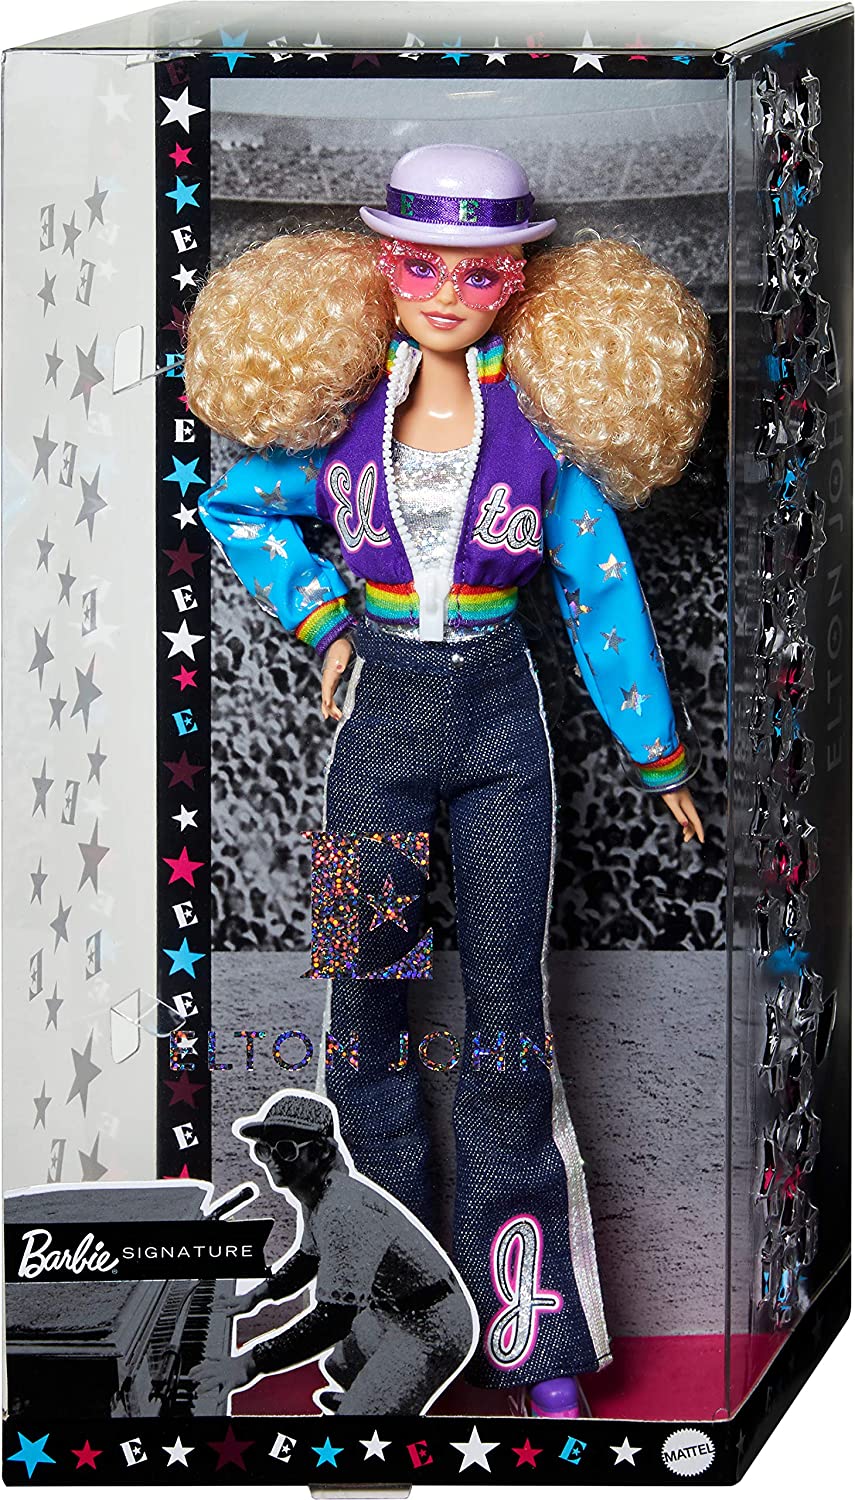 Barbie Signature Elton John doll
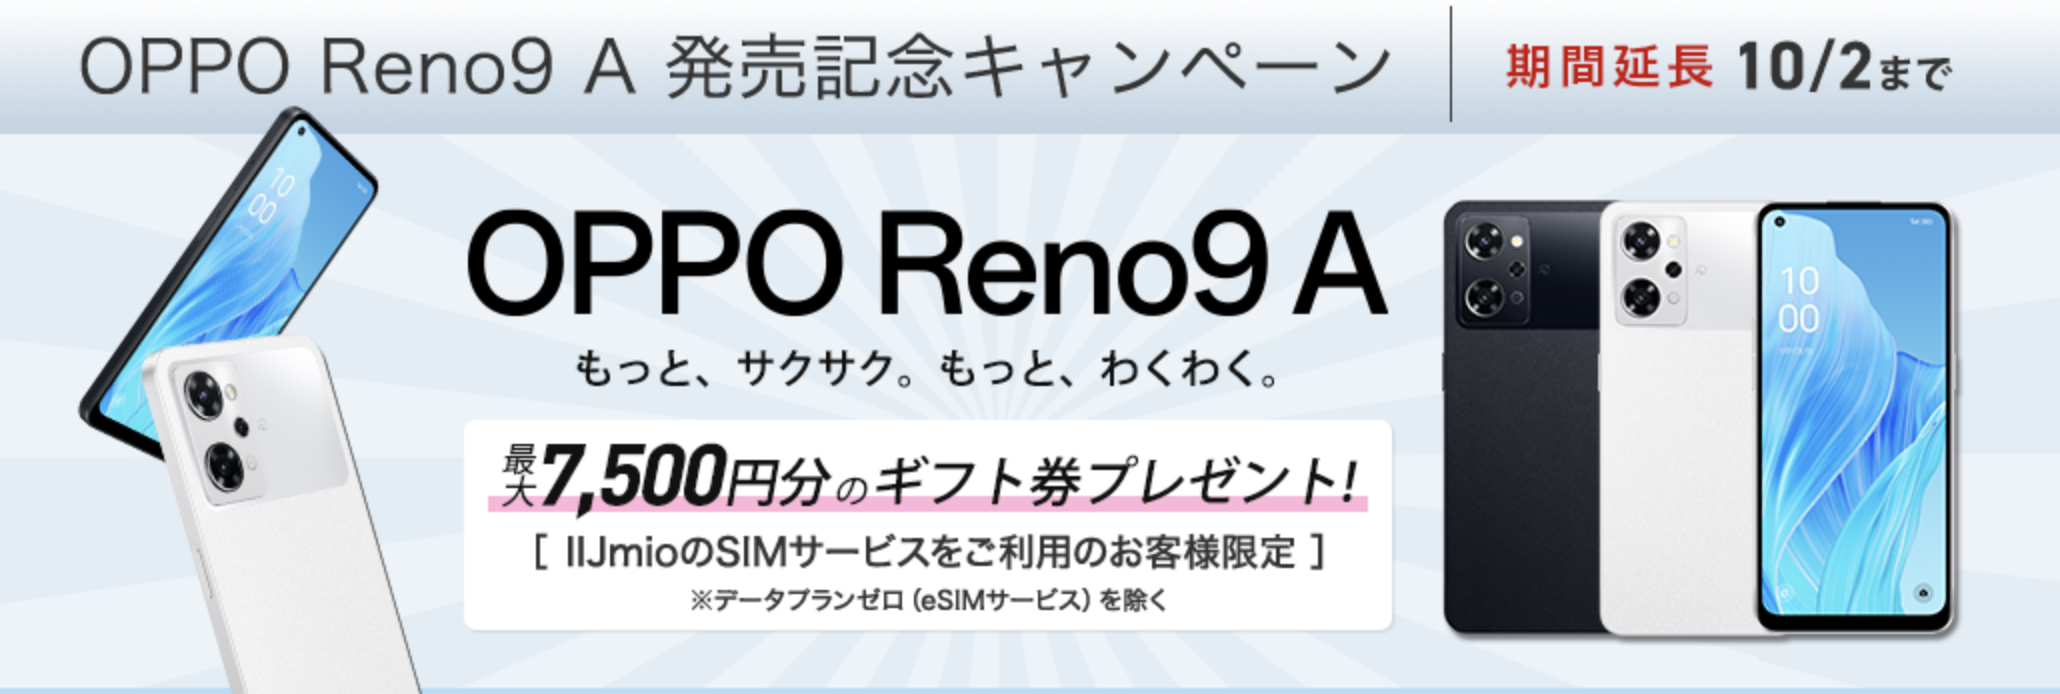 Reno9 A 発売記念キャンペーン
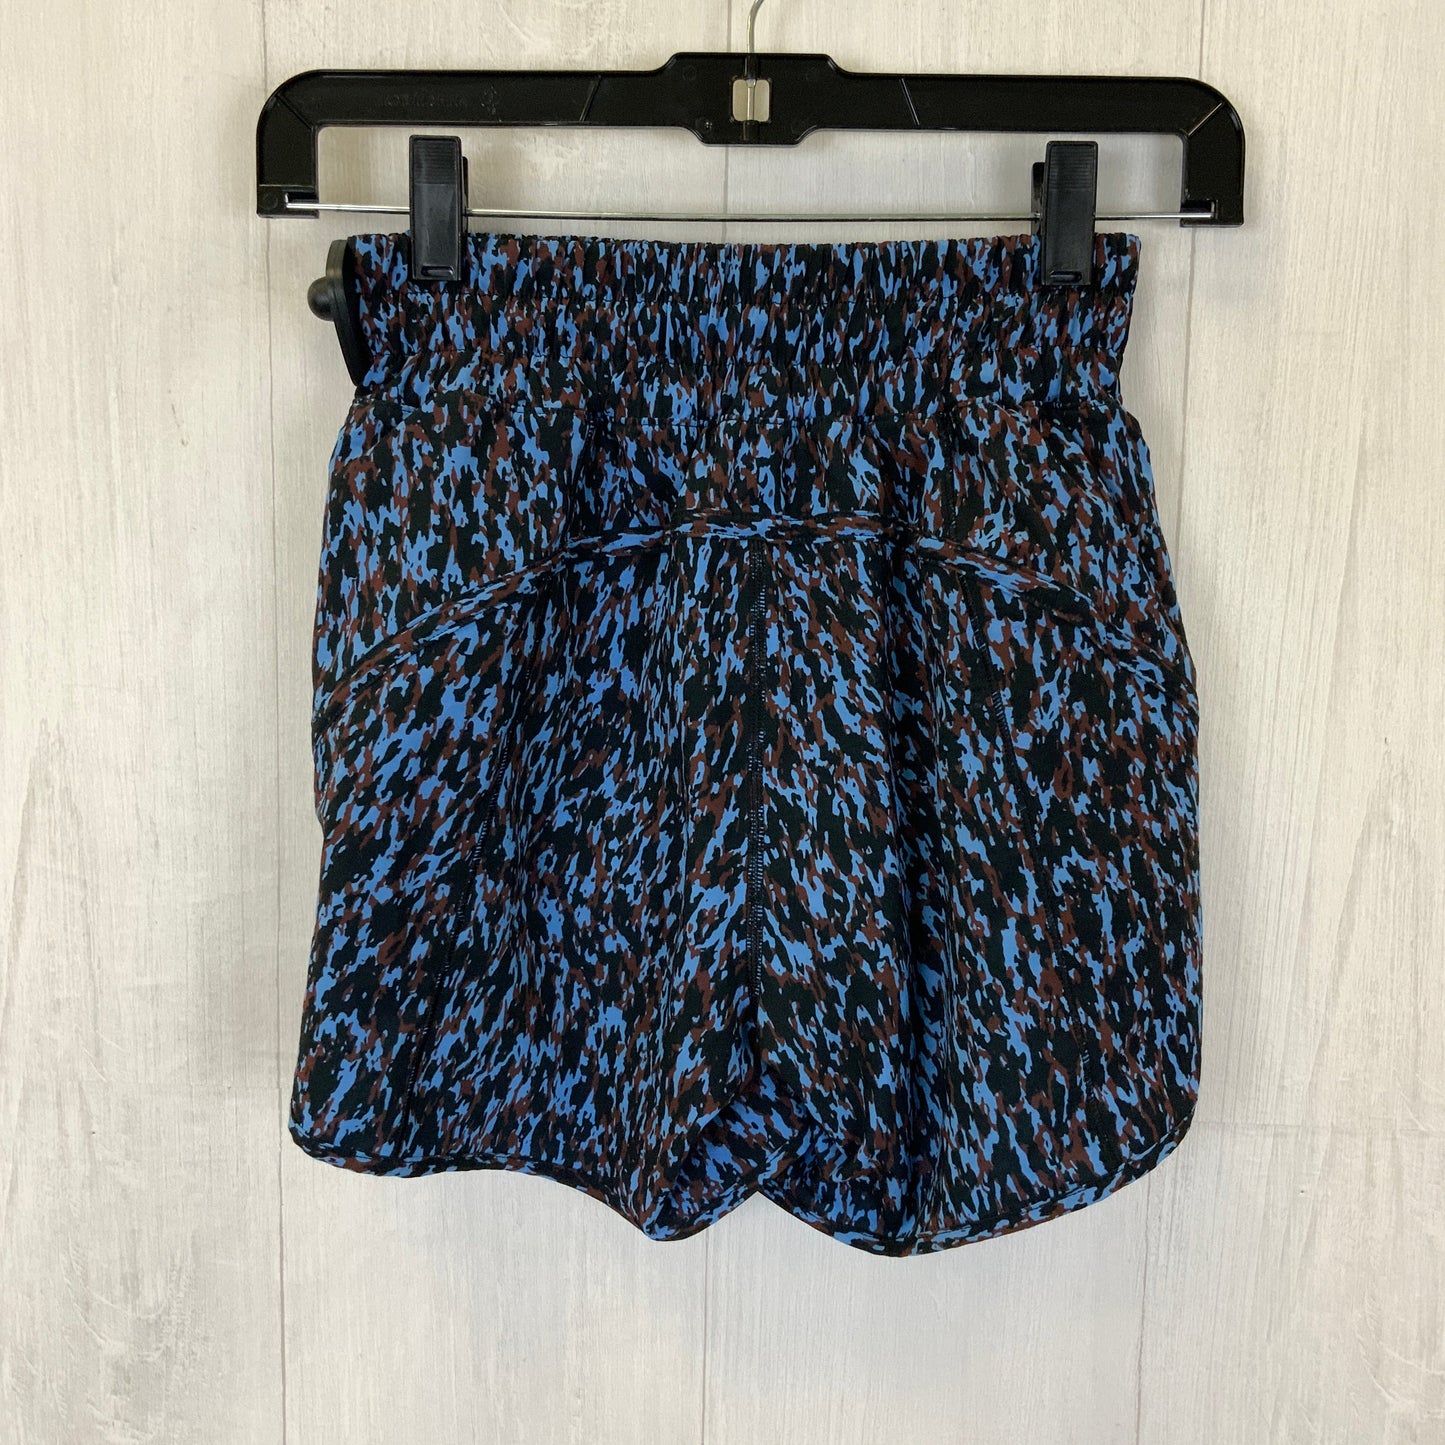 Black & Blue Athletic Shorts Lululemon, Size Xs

==========

_EXERCISE DETAILS_
Give back the whole listing exactly; no pictures.

_SOLVED PROBLEM_
 Barbie Signature Elton John doll
 Reno9 A 発売記念キャンペーン
 Black & Blue Athletic Shorts Lululemon, Size Xs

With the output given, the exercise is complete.